Schools Improve When Leaders Stop Rationalizing Mediocrity

If the superintendents of failing school districts were as adept at fixing schools as they are at making excuses for their poor performance, America would have the best education system in the world.

Instead, the just-released tests administered by the Program for International Student Assessment show that other countries are making faster progress than the United States.

Our teenagers are now ranked 26th in math, 21st in science and 17th in reading. Shanghai, Singapore, South Korea, and Hong Kong are leading the pack.

In the face of this powerful proof of their failure, school superintendents and other education leaders blithely blame someone else for U.S. stagnation.

“The problem we find in American education isn’t that schools are ‘falling behind,’ it is that schools are ‘pulling apart,’” said the American Association of School Administrators.

“Poverty in America is the real issue behind today’s education gap, and it means students can experience different education trajectories because of where they live,” the association said.

Certainly, many children from low-income, single-parent households lack the same family support for their education that children with two wealthier parents enjoy.
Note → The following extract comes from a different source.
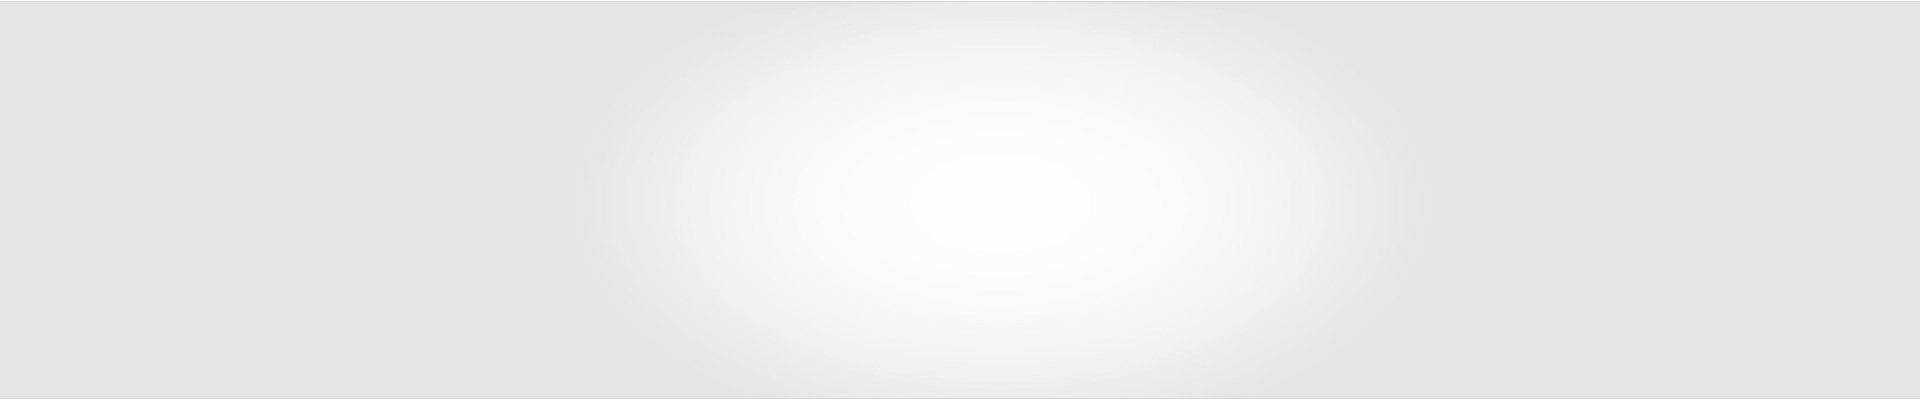 Website Design Services Background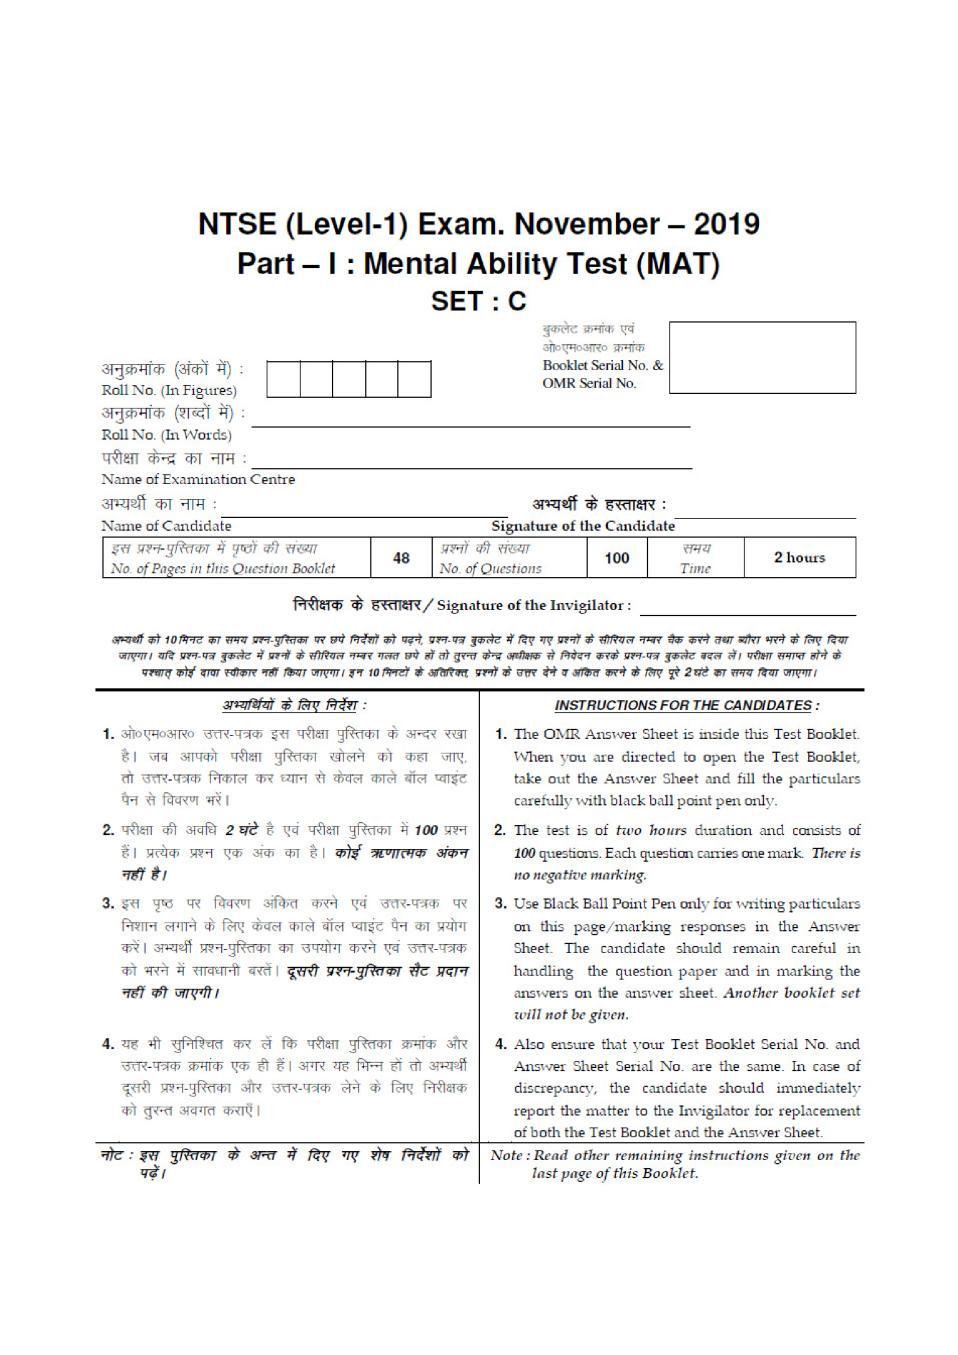 Haryana NTSE Nov 2019 MAT Question Paper Set C - Page 1

But the United States is not the only nation with poor kids. As a close look at the data from PISA reveals, the income gap in the United States does not explain the inability of our schools to teach our students basic math, science and reading skills.

If everything is fine except that the poor are dragging down the average, the United States would be turning out the same share of high-performing students as other countries.

To the contrary, only 9 percent of U.S. students perform at the highest proficiency levels in math, far behind the 20 to 30 percent performing at that level in countries such as Korea, Japan, Switzerland and the Netherlands.

Our neighbor to the north, Canada, turns out almost twice as many high-flyers as the United States.

Moreover, if an income gap made America unique, you would expect the percentage of American students performing well below proficiency in math to be much higher than the percentage of low performers in countries with average test scores similar to the United States.

But that’s not the case. We have the same average scores as Slovakia, Lithuania and Hungary (hardly a group with which we want to be compared!), and like those countries’ students, about a quarter of our students performed well below proficiency in math.

In other words, the United States is no worse at educating our weakest students than are countries with scores similar to ours.

The problems in American education are across the board, with every kind of student doing poorly when compared to students in other industrialized countries.

For the first time in history, countries like Poland and Ireland are educating their children better than the United States.

These are countries from which millions of immigrants once braved oceans and uncertainty to come to America so their children would have the opportunity for a better life.

Now, kids in those countries have a better chance of being intellectually equipped for a modern, global economy than do kids in the United States.

Unfortunately, America’s education malaise can only get worse when the professionals we pay to run our schools refuse to take any responsibility for the situation.

They are like the general who blames his equipment, or complains about the weather, or says his lieutenants blew the battle.

When that noise emanates from headquarters, one knows that the next battle is likely to be even worse — unless new leadership is put in place.

It is time for superintendents to man-up, admit their mistakes and take charge of the education of the students for whom they are responsible.

If that is not done, the country as a whole will pay the penalty, because our economy will grow at a far slower rate than it would if we fixed our failing schools.

Studies in our recently released book show that reaching Canada’s performance level would increase our workers’ incomes by an average of 20 percent.

That growth would be a tremendous aid in balancing the federal budget without raising taxes or cutting spending.

Of course, it would also begin to take care of the poverty that superintendents are so fond of calling “the real issue” behind the mediocre public education in the United States.

Eric Hanushek is a senior fellow at the Hoover Institution of Stanford University, and Paul Peterson is professor of government at Harvard University.